The disk was dead. Disk Utility could see the disk, but couldn’t repair, erase, or partition it. Note to anyone in a similar circumstance — it sometimes takes a very long time for a system with a dead disk to boot from the installation disc. Wait a lot longer than you’d expect — like five minutes or more — before giving up. Anyway, long story short, I bought a new 500 GB Hitachi 7200 rpm drive, installed it, restored from my clone and all was well.

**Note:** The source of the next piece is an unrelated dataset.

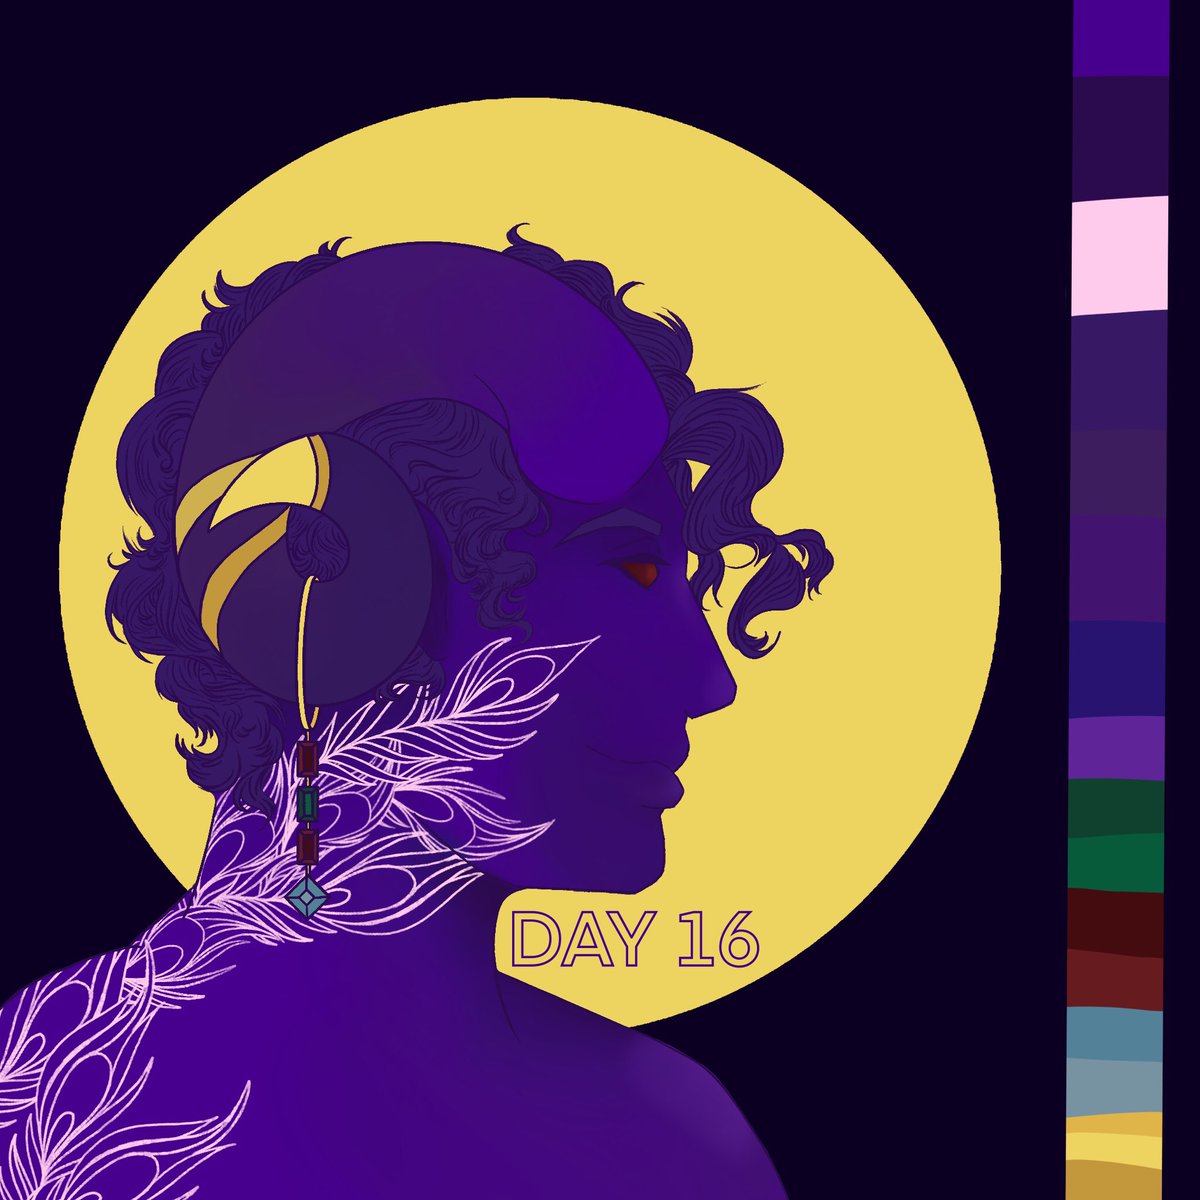 Mollymauk gets his one tweet because I love  @executivegoth too much. Long may he reign bitches  @CriticalRole  #criticalrolefanart  #criticalrole  #mollymauk  #MollymaukTealeaf

Until this morning. When my wife dropped her MacBook on the floor. I’ll be stopping at the local Apple Store on my way home tonight to pick up her machine, which has a new disk installed and a fresh OS load.

They say bad things come in threes, so I’m hoping we are out of the woods for now.


Tap, tap…is this thing on?

May 12, 2010

It becomes more difficult to post a blog entry the further into the past my last post recedes. It’s now been three months since my last entry and I guess I’ve been thinking I need some Big, Interesting, Awesome Post to restart my blogging habit. And the bar keeps rising. Not a recipe for success.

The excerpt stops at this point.